About this task » With the pictures left out, retype exactly the lines below starting at the line that contains "Barbie Dreamhouse Adventures" and ending at the line that contains "Tinnitus Causes, Types And Treatment Options".

Material for the task »
- - -
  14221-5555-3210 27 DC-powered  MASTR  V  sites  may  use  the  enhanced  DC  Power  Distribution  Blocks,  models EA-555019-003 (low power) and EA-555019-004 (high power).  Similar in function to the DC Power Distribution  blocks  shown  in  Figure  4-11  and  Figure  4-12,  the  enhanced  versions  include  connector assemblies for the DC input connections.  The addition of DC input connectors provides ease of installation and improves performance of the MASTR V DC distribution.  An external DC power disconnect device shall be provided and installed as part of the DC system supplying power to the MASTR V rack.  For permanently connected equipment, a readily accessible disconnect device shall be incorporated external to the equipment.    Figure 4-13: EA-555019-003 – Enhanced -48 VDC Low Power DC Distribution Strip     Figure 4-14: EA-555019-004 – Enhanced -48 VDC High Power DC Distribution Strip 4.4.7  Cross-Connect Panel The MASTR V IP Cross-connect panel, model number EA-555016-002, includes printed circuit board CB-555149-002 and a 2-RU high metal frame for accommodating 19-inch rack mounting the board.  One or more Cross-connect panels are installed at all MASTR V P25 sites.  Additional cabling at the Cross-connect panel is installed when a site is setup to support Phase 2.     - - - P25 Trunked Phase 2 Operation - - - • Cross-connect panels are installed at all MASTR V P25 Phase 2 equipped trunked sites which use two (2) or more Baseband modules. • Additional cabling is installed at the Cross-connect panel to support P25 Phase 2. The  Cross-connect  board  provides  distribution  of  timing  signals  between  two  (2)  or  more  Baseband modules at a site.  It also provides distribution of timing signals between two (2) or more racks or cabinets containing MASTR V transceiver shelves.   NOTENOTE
- - -
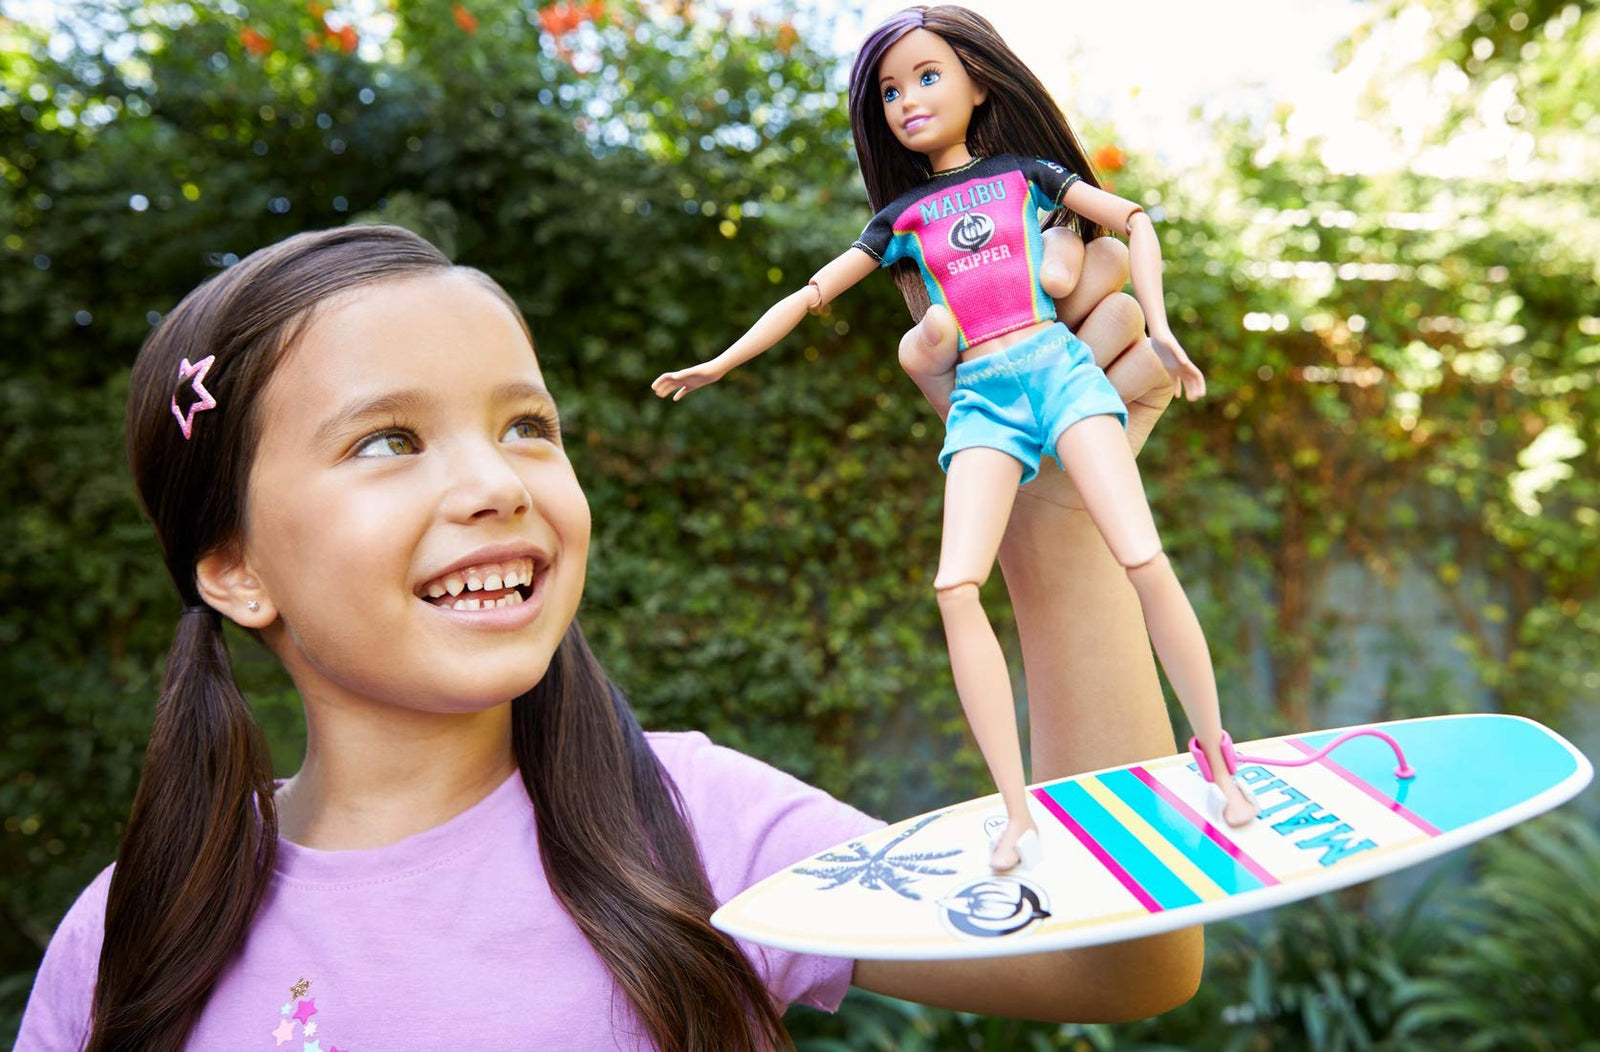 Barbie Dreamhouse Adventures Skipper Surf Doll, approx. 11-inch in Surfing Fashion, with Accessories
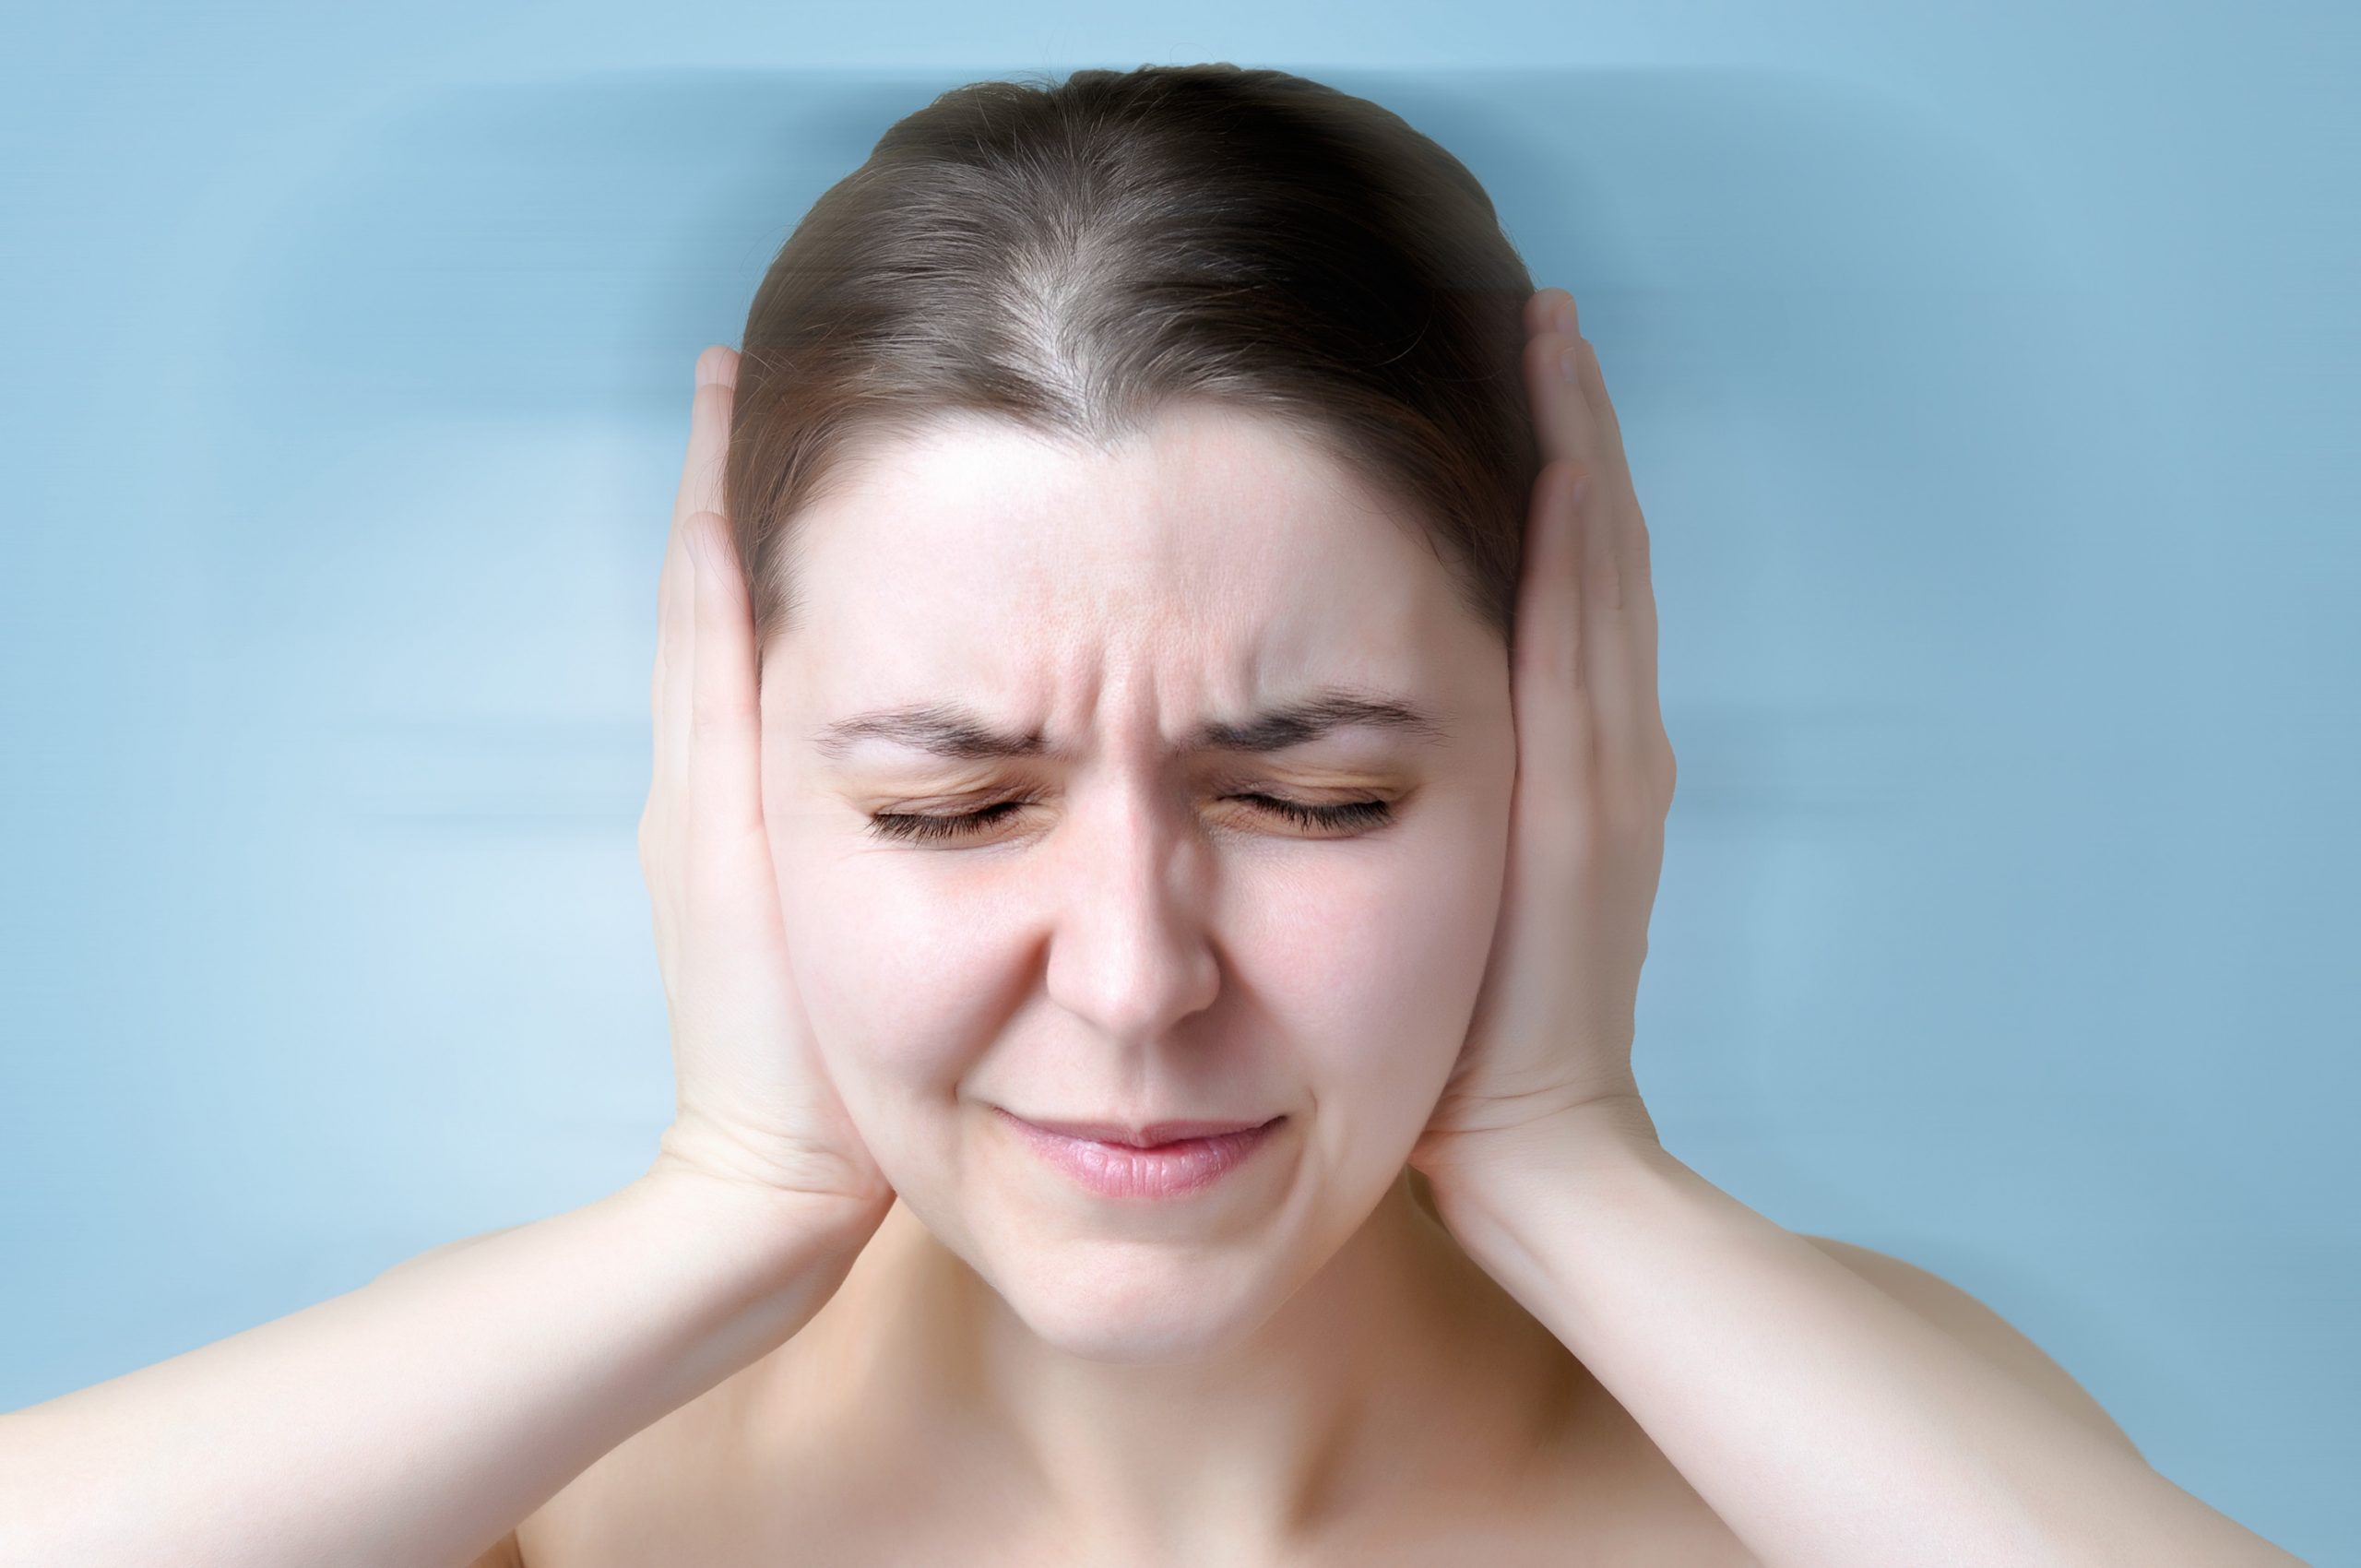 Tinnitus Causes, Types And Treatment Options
- - -
Exercise response »
 Barbie Dreamhouse Adventures Skipper Surf Doll, approx. 11-inch in Surfing Fashion, with Accessories
 Tinnitus Causes, Types And Treatment Options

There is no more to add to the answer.